The experience of victim survivors of family violence, especially within the LGBTIQA+ community, is diverse and nuanced. Indeed, societal attitudes and structural barriers produce a long-term stigma which affects the community, and permeates in a general underreporting of family violence in LGBTIQA+ relationships. As such, the Magistrates’ Court undertakes activities to strengthen its service to those people who are LGBTIQA+ identifying, in circumstances of family violence. Adopting this intersectional approach to family violence allows the Court and practitioners alike to consider the range of factors that affect the risk, frequency, and severity of family violence in the provision related services.

What is family violence?

The definition of family violence under the Family Law Act 1975 (Cth) is expansive, meaning violent, threatening, or other behaviour by a person that coerces or controls a member of the person’s family to be fearful. The Act provides a non-exhaustive list of behaviour that may constitute family violence, including but not limited to:

  • Assault
  • Sexual assault or sexually abusive behaviour
  • Stalking
  • Repeated derogatory taunts
  • Intentionally damaging or destroying property
  • Intentionally causing death or injury to an animal
  • Unreasonably denying financial autonomy
  • Unreasonably withholding financial support needed to meet reasonable living expenses
  • Preventing the person from making or keeping family, friendship, and cultural connections
  • Unlawfully depriving the person of liberty

The non-exhaustive definition reflects the changing needs of society and more holistically reflects what constitutes family violence. Further to the examples provided by the Act, it should be noted that family violence not only includes physical abuse, and unfortunately many instances involve emotional or psychological abuse which manifests in different ways depending on the experience and background of the victim survivor. Family violence also extends to behaviour which causes a child to be exposed to family violence, which may include incidences where a child overhears threats, witnesses an assault or is present when a police officer attends an incident of family violence.  

The context at a glance

The prevalence of family violence in LGBTIQA+ relationships has, unfortunately, remained underreported and generally underacknowledged by relevant legal and community services. Indeed, it has predominantly remained absent from governmental, policy, and service responses which overwhelmingly adopt a heteronormative perception of the incidence of family violence. There has also been a lack of acknowledgement within the LGBTIQA+ community due to societal views which correlate the perpetration of family violence with gender and resultant gender power dynamics. Often, the perpetrator is assumed to be a man, which creates a stigma within LGBTIQA+ couples where the perpetrator may be of any gender.

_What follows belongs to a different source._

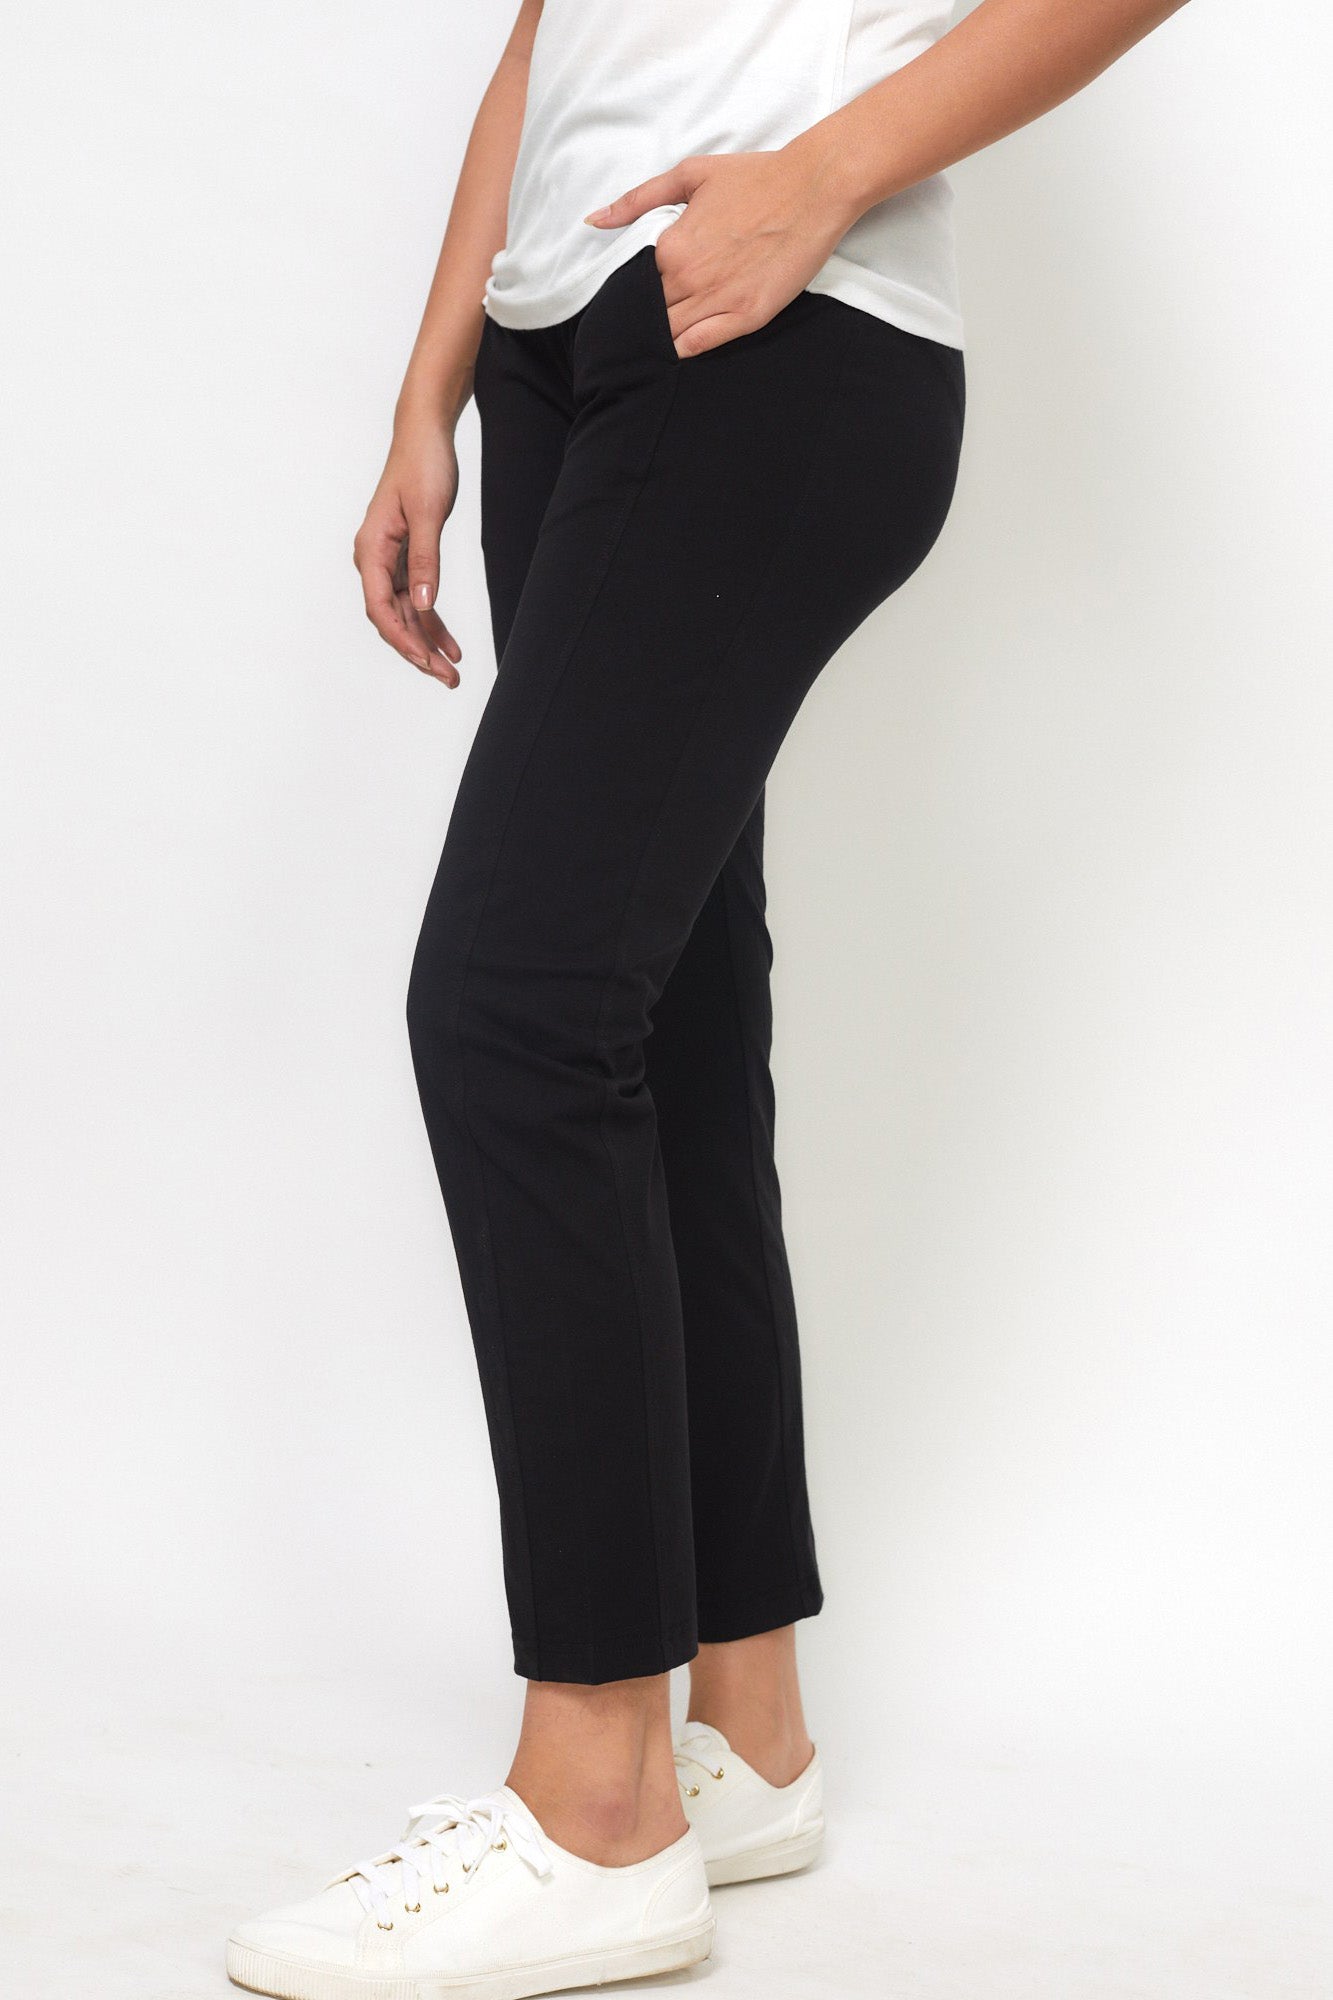 Buy Elleven Women Melange Jersey Pants, Grey, L at Amazon.in

The University of New South Wales, in its 2014 report “Calling it what it really is”, found that: 

  • 34.8% of all LGBTIQA+ participants reported that they had been abused sexually or physically by a previous partner
  • rates of sexual and physical abuse were higher (52.5%) for trans and gender diverse and intersex participants
  • only 12.9% made a report to the police and 31.3% never sought support, information or advice on the abuse

Family violence in LGBTIQA+ relationships can also include behaviour relating to sexual orientation or gender identity, often taking the form of threats to ‘out’ a partner publicly or using this information as a method of control.

Intervention Orders

In circumstances of family violence, victim survivors can obtain an Intervention Order at the Magistrates’ Court of Victoria to protect themselves.

When deciding what conditions should be included in an Intervention Order, the Magistrate must give paramount consideration to the safety of not only the affected family member but also any children.  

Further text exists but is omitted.